Вот уже третий день они вшестером жили в заброшенной несколько лет тому назад деревне, похожей на хутор или заимку, окруженную со всех сторон лесом. Бывшие боярские угодья, когда-то цветущие, нынче пустовали — сильно сократилось население во время голода и мора, сколько таких селений сейчас в запустении. Заросшая пашня на несколько гектаров, огромный луг, извилистая реченька, приток Чернухи — бывал он тут раньше, только чащобы в его время не осталось, так, рощицы. И деревни не было — «бесперспективной» оказалась, забросили и забыли.
— Это же сколько раз истории повториться нужно?!

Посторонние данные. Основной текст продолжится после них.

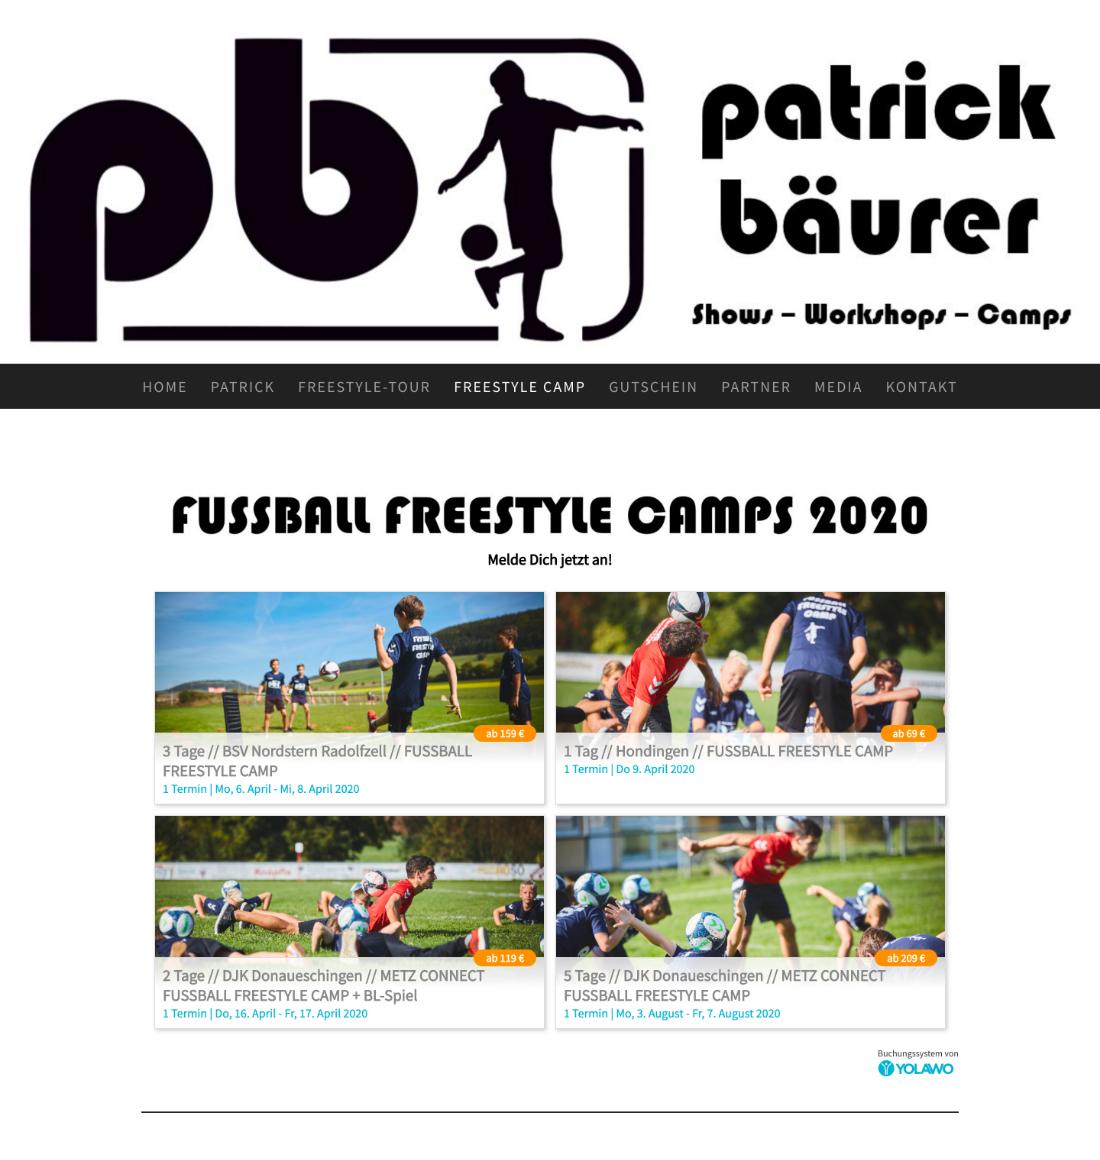 Pb-Fußball

Вопрос завис в тишине, да и ответа на него не требовалось — вечерело, благодать, и комары с мошкарой еще не появились. У костра кашеварничал дед — тот еще куркуль оказался, все прибеднялся. Оказывается он с сыновьями и внуками бродил по окрестностям, но каждый раз здесь появлялись, тянуло к родным местам. Тут и делали «закладки» на случай прихода очередных «черных дней» — крестьяне народ предусмотрительный. Одежда тут была спрятана, намного лучше тех лохмотьев, в которых «христарадничали». Но в его времени столько заплаток на ткань пришивать не стали — выбросили бы тряпье куда подальше, даже полы мыть не стали. А тут берегли как драгоценность, хранили бережно. Имелись также несколько домотканых половичков из тряпочек, или одеял, он так и не разобрался в их предназначении, и парочка рушников — льняных полотенец приличного размера.